Each event comes complete with several spatial and temporal locators, such as place name, administrative division, and geographic coordinates, as well as start and end dates, to allow for fine-grained spatial and temporal analysis. Each event is also given a unique ID for easy reference, as well as conflict, dyad, and actor IDs. As was mentioned earlier, these IDs for conflicts, dyads, and actors correspond with identifying information found in other UCDP datasets and allow ample possibilities for dataset integration.
The data collection for the dataset follows the standard coding procedures for UCDP data: human coders that mine news sources, NGO reports, case studies, truth commission reports, historical archives and other sources of information. This method has been described in depth in several other publications (Eck & Hultman, 2007; Sundberg, Eck & Kreutz, 2012) and we will instead focus on explaining the procedures for the novel aspects of this dataset – the temporal and spatial coding. We would, however, like to highlight some new methods for ensuring data accuracy and quality that have been introduced as the sheer number of events included and the many variables that accompany each event have necessitated the introduction of additional quality-control instruments. Data quality is at least triple-checked, where the coder first runs through a checklist of consistency and streamlining tests. Secondly, a project manager performs similar tests, as well as controls of the geocoding through a set routine of visualization. Thirdly, PHP and Python scripts are run on the data to check consistency across IDs, coordinates, fatality counts, and more. While these routines cannot identify all errors in the base coding they nevertheless ensure high quality and consistency in the final product.
Coding, where and when
Information on where and when a specific event took place is one of the novelties of the UCDP GED compared to earlier UCDP datasets, and the aspects that allow for geospatial analysis and modeling of event sequencing. Disaggregated spatial and temporal information is extracted from the source material for each event, or through additional searches if that information is unavailable in the original material. Coding coordinates has proven to be more difficult than coding dates, especially since many instances of organized violence are played out in developing countries that lack good digitalized maps.

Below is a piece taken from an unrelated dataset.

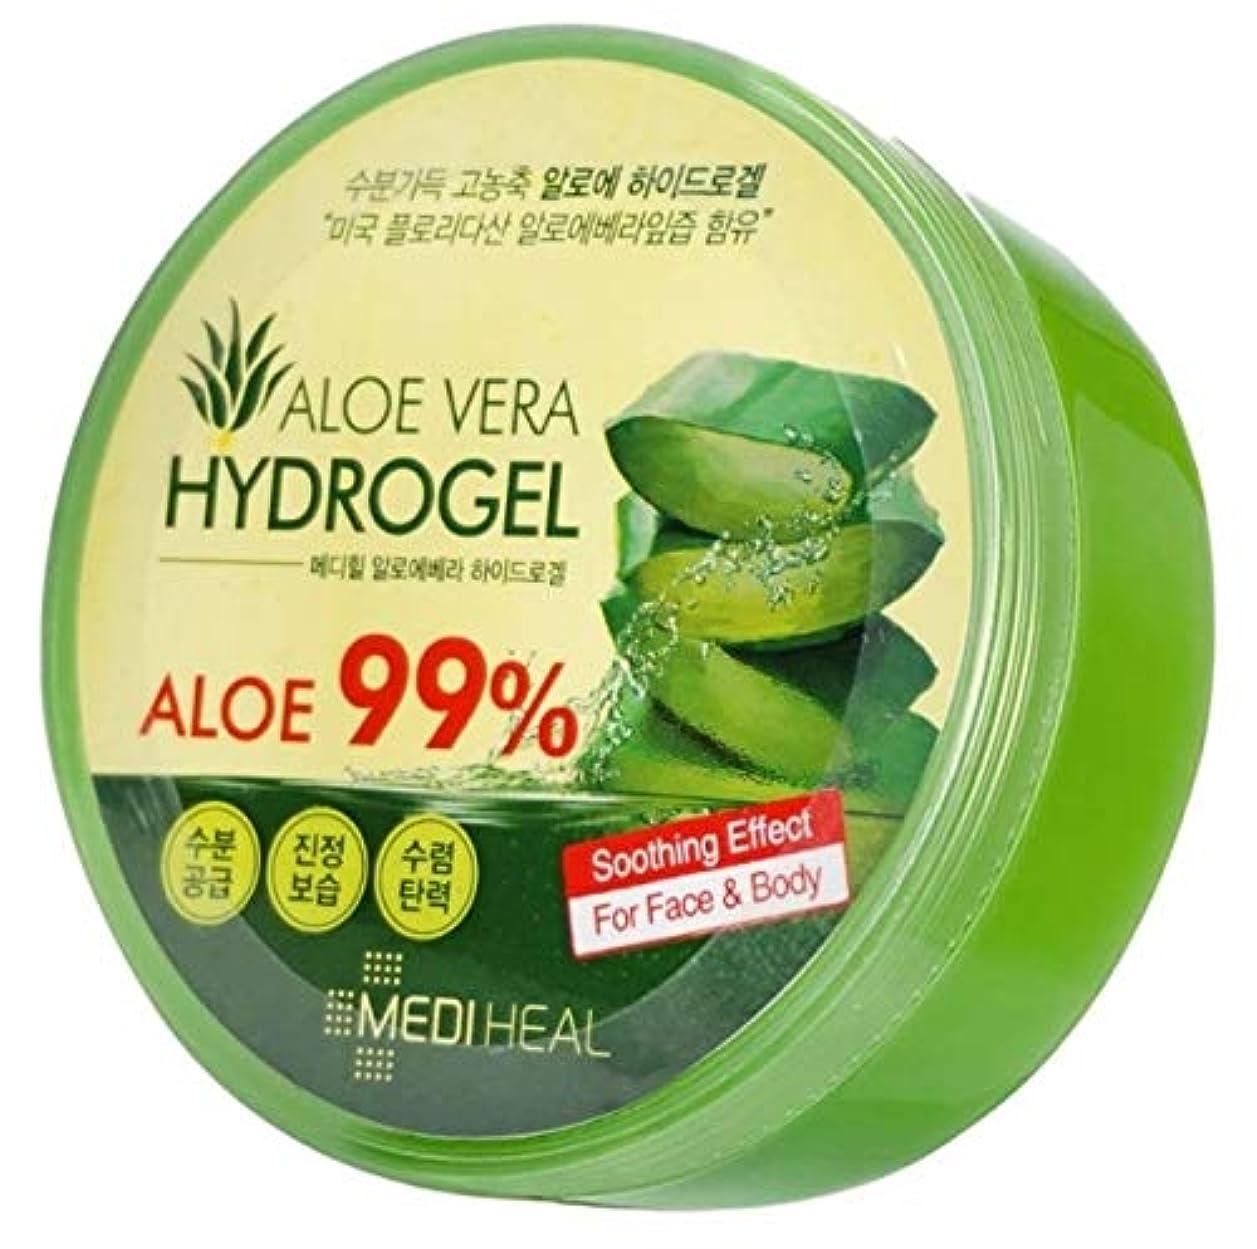 服途方もない国民投票Mediheal メディヒール Skin Soothing なだめるような & Moisture 水分 99% Aloe アロエ Vera Hydro Gels ハイドロゲル
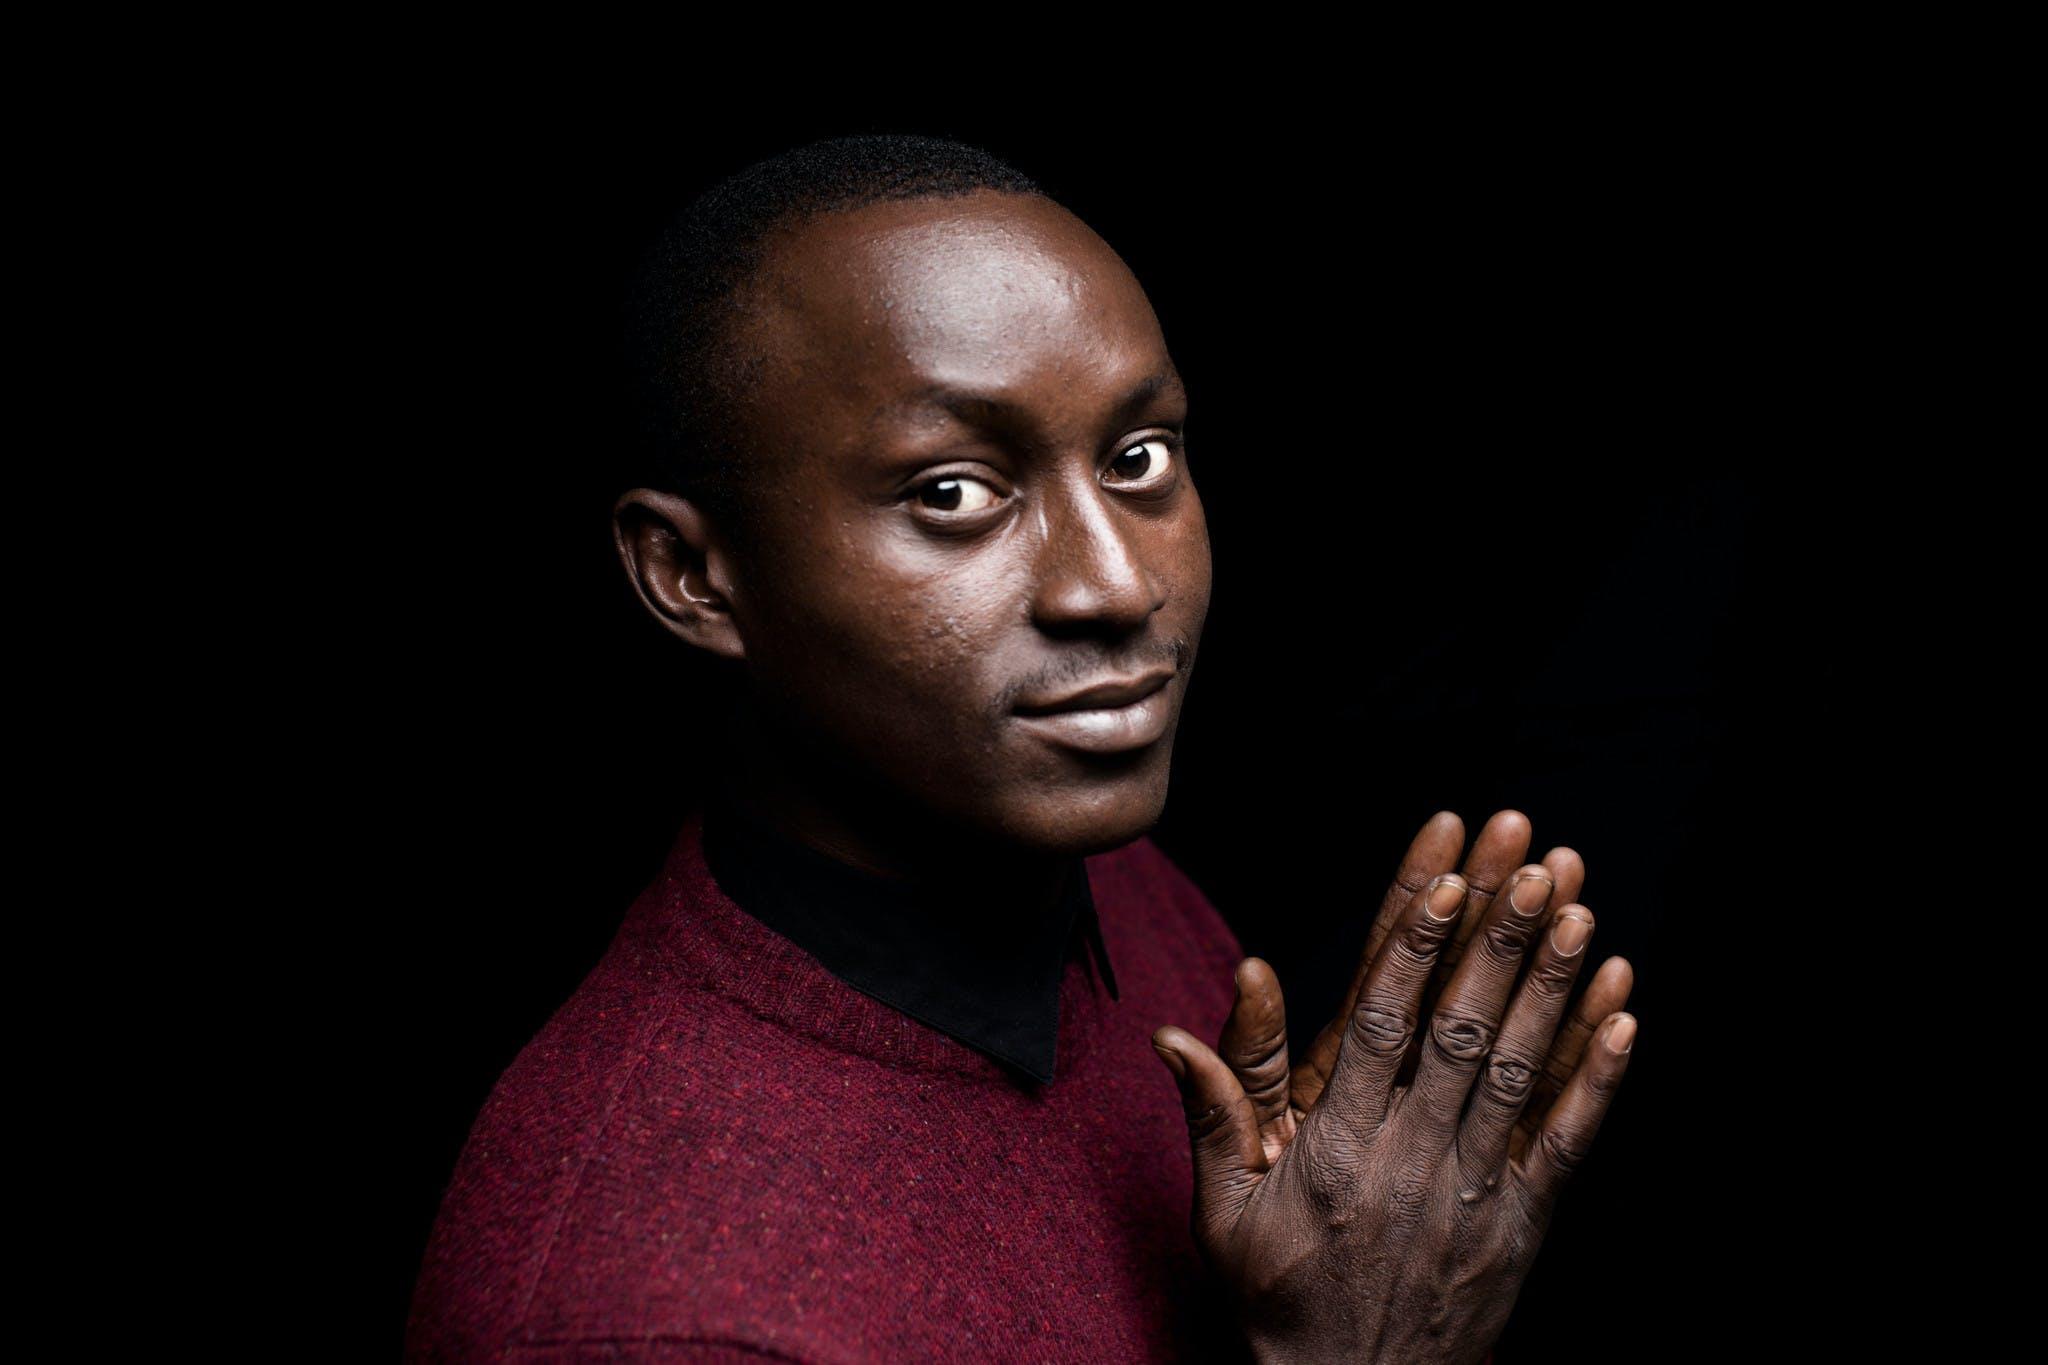 Moses Agatugba

Several different sources on geographical locations have been used in the spatial coding, which is provided in the WGS84 (World Geodetic System 1984) horizontal datum. One important source has been the Geonet Names Server database (GNS) of the National Geospatial-Intelligence Agency (NGA), 3 a US federal agency specialized in geospatial intelligence. Despite its global reach the GNS is not detailed enough to cover some of the areas of the world where lethal violence takes place, such as many rural areas. The coders turn to a variety of additional sources that are of crucial importance for correctly identifying locations of violence when the GNS cannot supply the coordinates. These sources include, but are not limited to, Google Earth, digital maps provided by aid and refugee agencies, and field atlases. The coordinates come with a precision score that states the preciseness of the coordinates given, that is, whether the event can be matched to a specific location such as a village, or can only be related to some form of administrative division. Researchers can thus make informed decisions on what level of precision in terms of spatial disaggregation or aggregation suits their purposes best. 4 The location of the event is also supplemented with information on what country the event took place in (string and number format), the relevant first- and second-order level of administration, and the corresponding PRIO-GRID cell.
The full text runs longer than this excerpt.